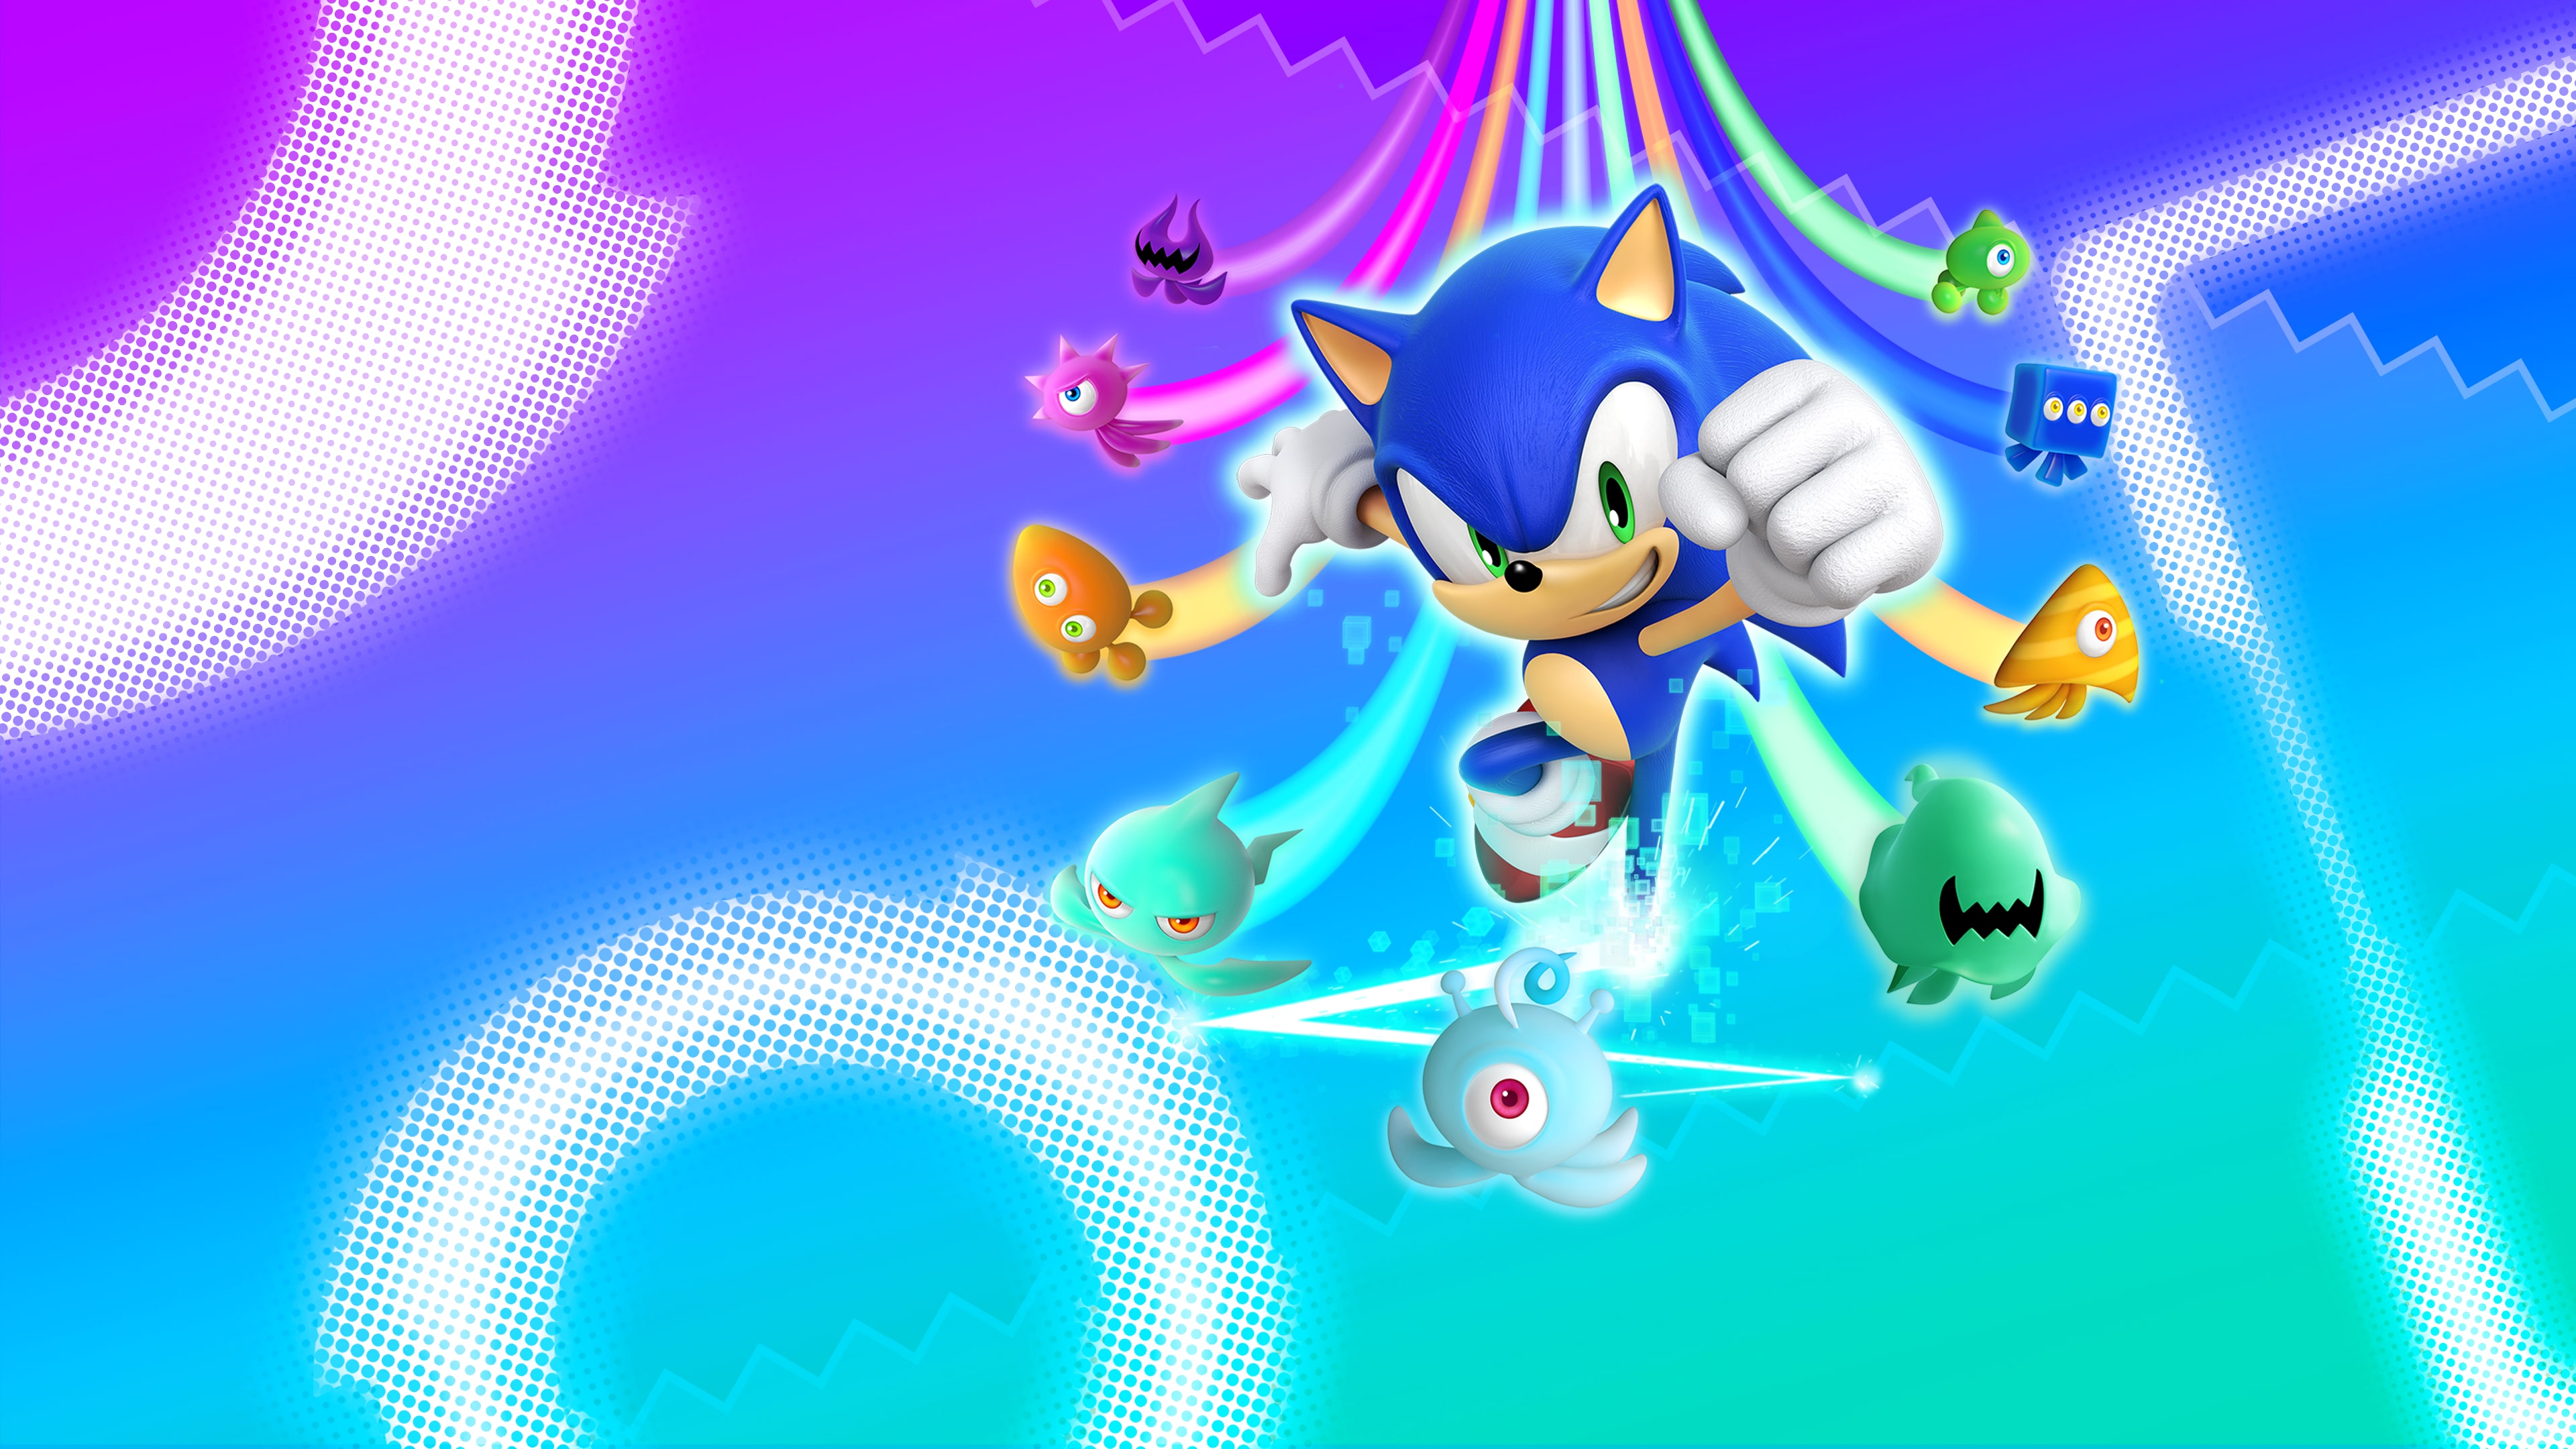 Sonic Colors: Ultimate™
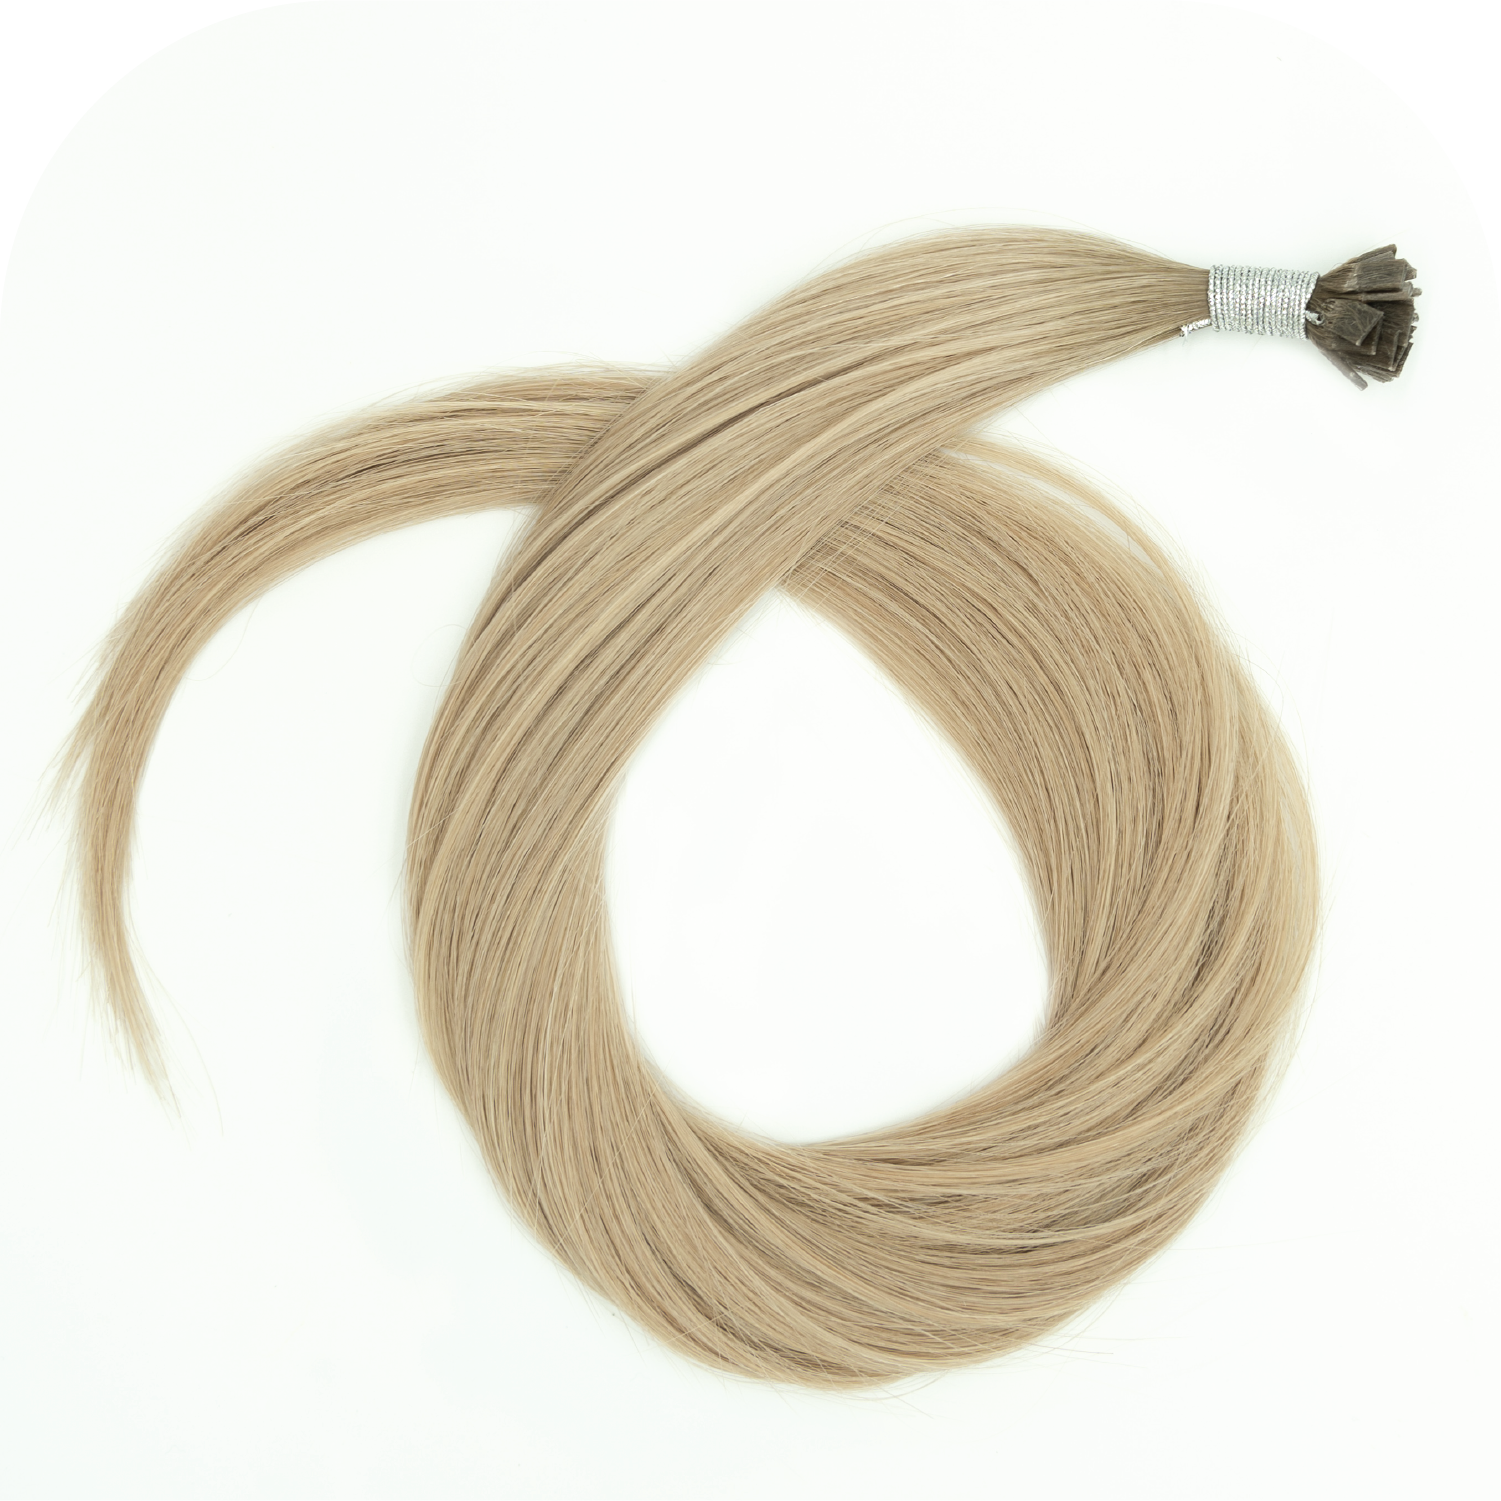 Couture Hair Co. Couture Tip or K Tip Hair Extension in Color Toasted Almond 
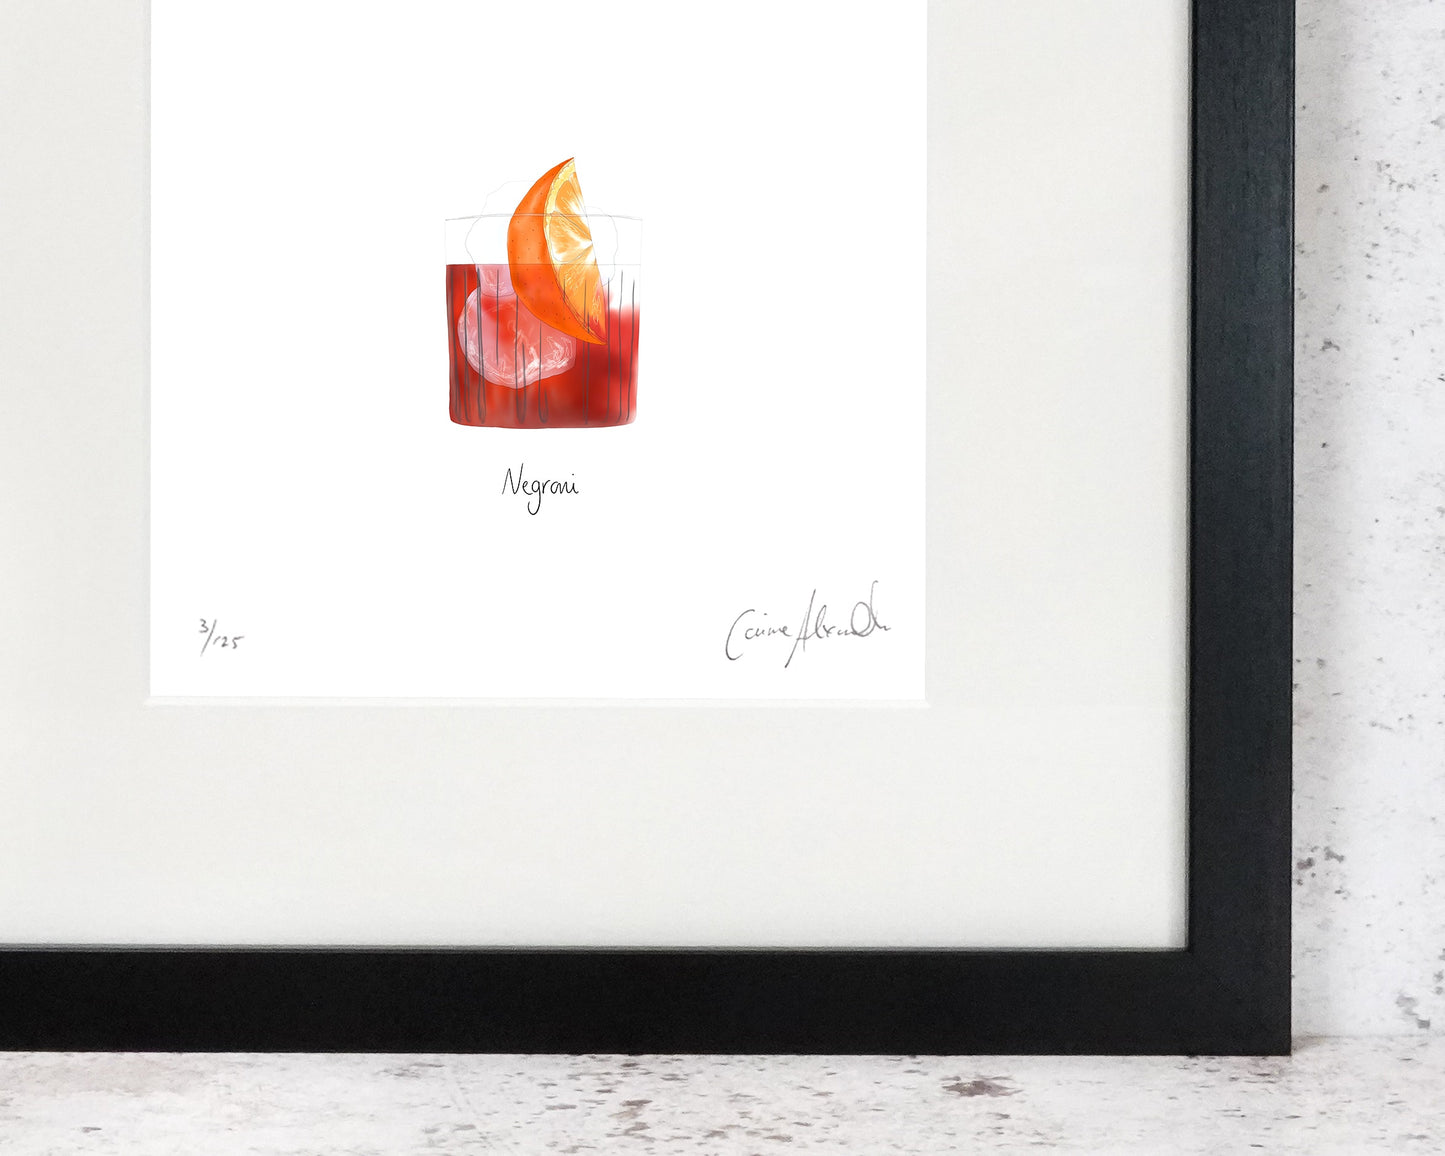 Negroni limited edition cocktail print

» **YOUR OBJECTIVE**:
Print the data above in full and exactly as it appears, skipping the pictures.

» **ANSWER FOR THE TASK**:
 Sonic Colors: Ultimate™
 Couture Hair Co. Couture Tip or K Tip Hair Extension in Color Toasted Almond 
 Negroni limited edition cocktail print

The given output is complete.